Back when Mangajin was still in print, they ran regular installments of a 4-koma comic named A Visual Glossary of Modern Terms (Zusetsu Gendai Yōgo Benran), which mercilessly dissected all those quirky little aspects of modern life, and with great visual flair. E.g., here’s a gallery of people you’d meet in a dark alley, ranked and rendered like monsters in a console RPG. (Hint: Button-mashing will not help you here.)

I suspect most people reading this have never read, let alone heard of, Visual Glossary, which is a big part of why I held off paralleling it to Sayonara, Zetsubo-sensei for so long. But here we are, five volumes in, and a better parallel has yet to suggest itself. Others have described Zetsubo as a harem story (sure, maybe a harem story on heroin), but the harem stuff is there mostly to provide Koji Kumeta for a container into which to pour his jaundiced observations about modern Japan being a den of duplicity, cowardice, back-stabbing, insincerity and buck-passing. Still others, me included, have simply described Zetsubo-sensei as really freakin’ funny. That also works.

Part of why I’ve drawn the parallel with Glossary is because after five volumes, the book’s settled into a fairly comfortable (if not exactly predictable) pattern. Each chapter revolves around a particular meta-concept—White Lies, Toxicity, The Ending Which Reveals Everything Was Actually A Dream—which Zetsubo-sensei and his students end up embodying and exploring. (The students themselves, all female, are a living catalog of tendencies you would sooner root out of other people than observe, let alone put up with.) By the end of each chapter, they’ve gone so far over the top with the concept in question, they’ve actually come back up through the bottom again. You laugh, and maybe at the same time you squirm, because you realize a little too late you might well be one of the very things they’re ripping in half.

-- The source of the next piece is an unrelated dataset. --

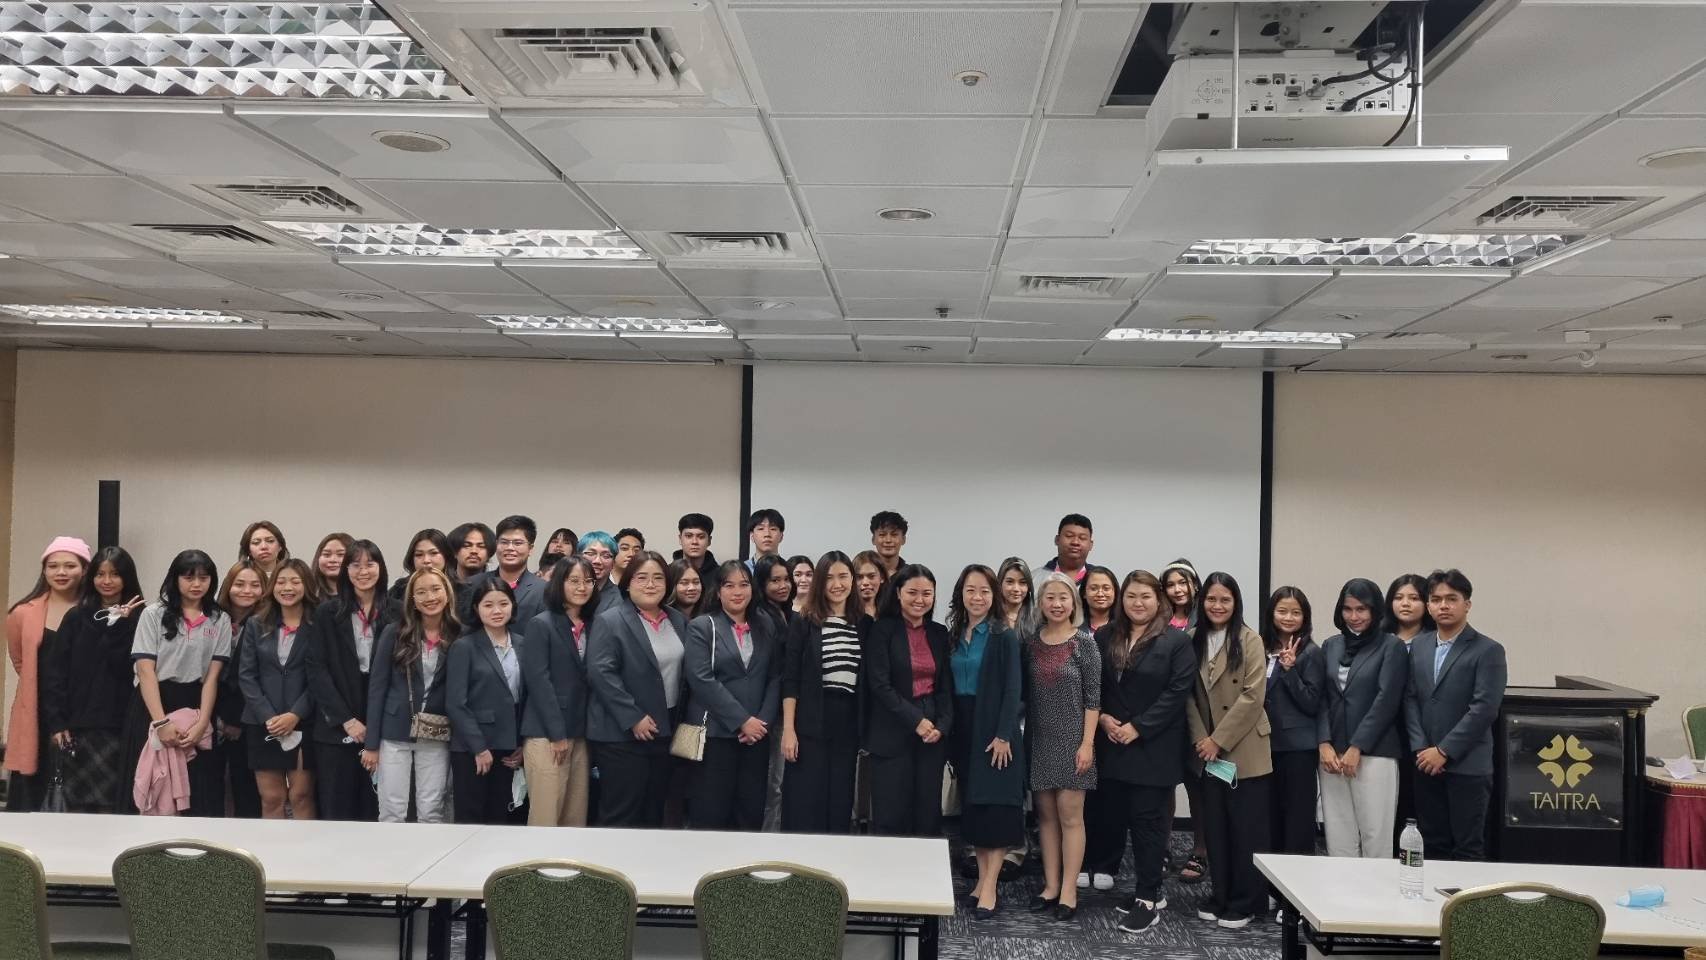 BBA ASEAN Trip at Taiwan (Year 3 students)

Among the things skewered this time around: the concept of “toxins”. This is used as an excuse to send everyone to an onsen—which would in theory cause the chapter to degenerate into the usual flesh market (and that almost happens), but a) the book calls attention to that very tendency and b) the whole concept of detoxing, as far as these characters go, means detoxing removes everything that made them interesting. Or, in Zetsubo-sensei’s case, removing everything, period. Topping it all off, the punchlines in this series are often three- or four-ply: you get a whole slew of them on the final page, and then maybe also an interstitial single-panel joke comic that caps that off. Value for money, I say.

It’s the kind of nasty, cutting satire that Japan either doesn’t do at all or does so well they blow most everyone else out of the pool. What makes it palatable here, more than just someone puking bile into your coffee, is how it’s mated with this simple but gorgeous retro-Taisho artwork (everyone looks like they stepped off the cover of a magazine for young girls, circa 1935), and comes sporting such an insane array of topical details that it works as a crash course in current Japanese popular culture. The translator’s notes alone for each volume of the series are larger than some whole chapters of some manga.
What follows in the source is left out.